Since we know that the core problem is caused by a single key-value that is too large, the most direct way is to split the bitmap into multiple key-values, and control the single key-value size within a reasonable range, so the amplification is relatively under control. In the current implementation of Kvrocks, each key-value is divided into 1 KiB(8192 bits). The algorithm diagram is as follows:
Take setbit foo 8192002 1
as an example, the implementation steps are:
- Calculate the key corresponding to the offset of
8192002
, because Kvrocks uses a value of 1 KiB, so the number of the key is8192002/(1024*8)=1000
, so you can know the bit should be stored in the sub keyfoo1000
. - Then get the value corresponding to this key from RocksDB and calculate the offset in the segment,
8192002%8192
is equal to2
, and then set the bit with the offset of 2 to 1. - Finally, write the entire value back to RocksDB.
A key point of this implementation is only read-write the limit part of the bitmap we need. Assuming that we have only executed setbit
twice, setbit foo 1 1
and setbit foo 8192002 1
, then there will only read and write two keys foo:0
and foo:1000
in RocksDB, and the actual read-value size is only 2 KiB in total. It can be perfectly adapted to the sparse array scene like the bitmap, and will also not cause the problem of space enlargement due to sparse writing.
This idea is also similar to Linux's virtual memory/physical memory mapping strategy. For example, we request to malloc for 1GiB, and the operating system only allocates a piece of virtual memory address space. The physical memory was allocated when it is actually written will it trigger a page fault interrupt. That is, if the memory page has not been written, read-only will not cause physical memory allocation.
GetBit is similar. It first calculates the key where the offset is located, and then reads the key from RocksDB.

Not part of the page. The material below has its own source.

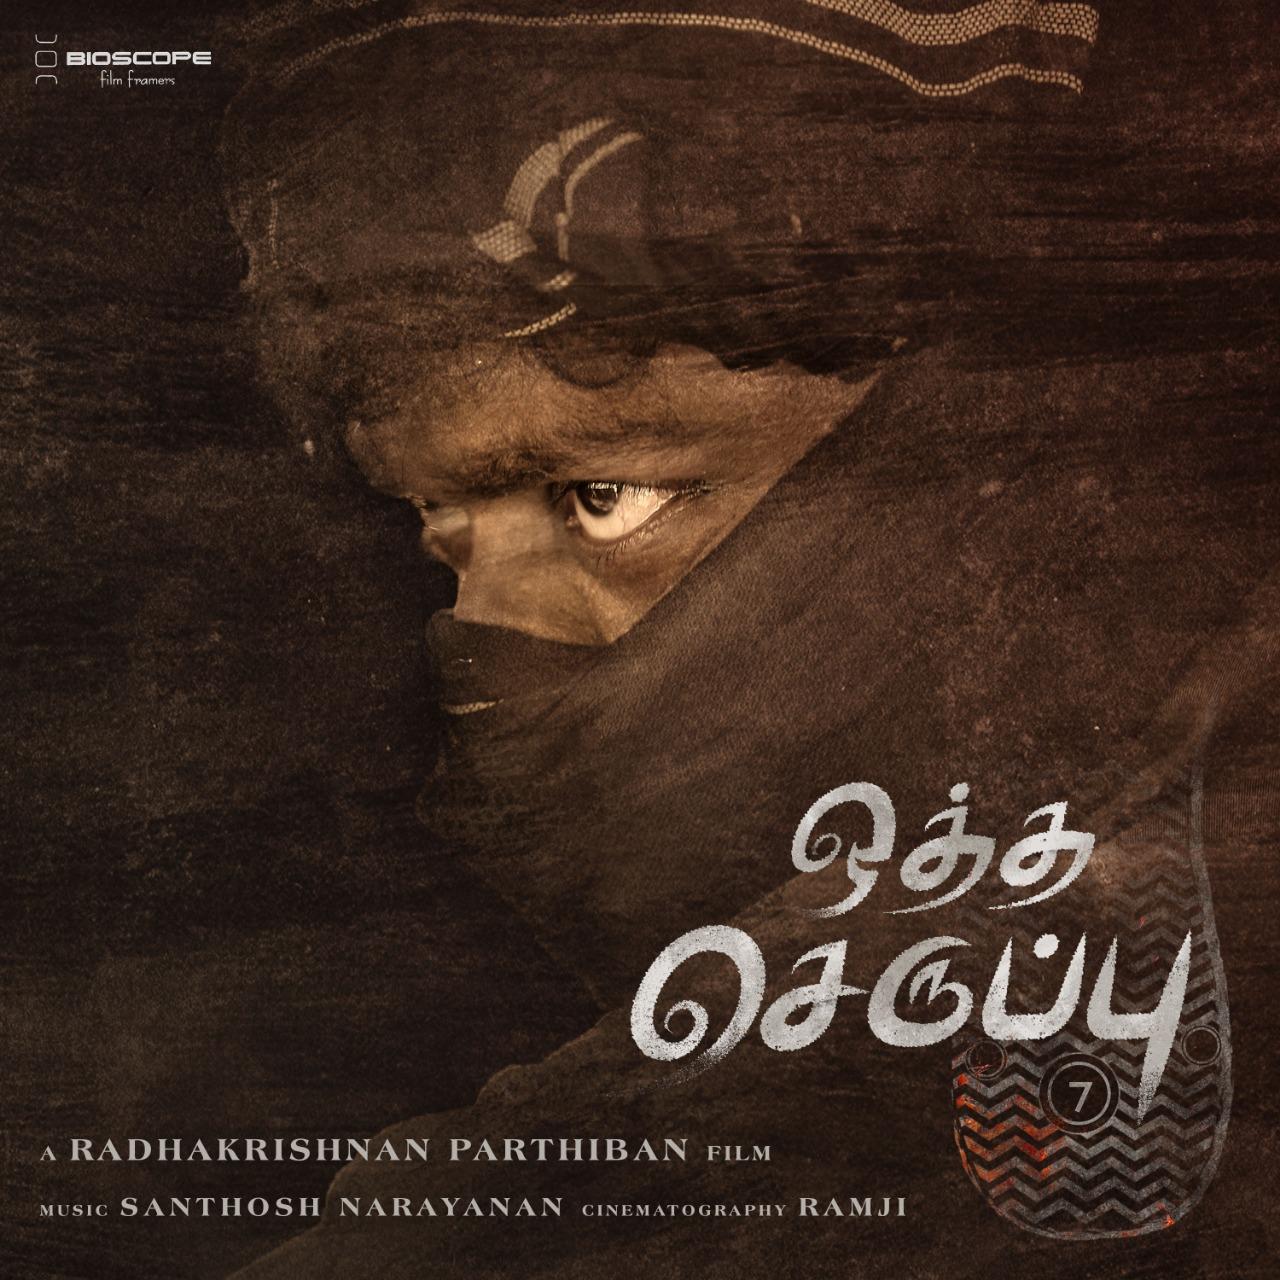 R Parthiban Oththa Serupu Size 7 Movie Poster

- If not exist, means that segment has not been written, returns 0 directly.
- If exists, read the Value and return the value of the corresponding bit.
In addition, the actual key-value size is also determined by the largest offset currently written. It would NOT always create a 1024 KiB key-value when there is a write. This can also help to optimize the read-write amplification problem within a single key-value in some degree. You can read the source code of bitmap for more details.
Summary
It can be seen that to achieve the same thing in memory and disk was entirely different, the challenges are completely different. For disk-type services, it MUST continuously optimize the random read and write and space amplification issues. Familiar with the software was not enough, also requires to understand the hardware internal.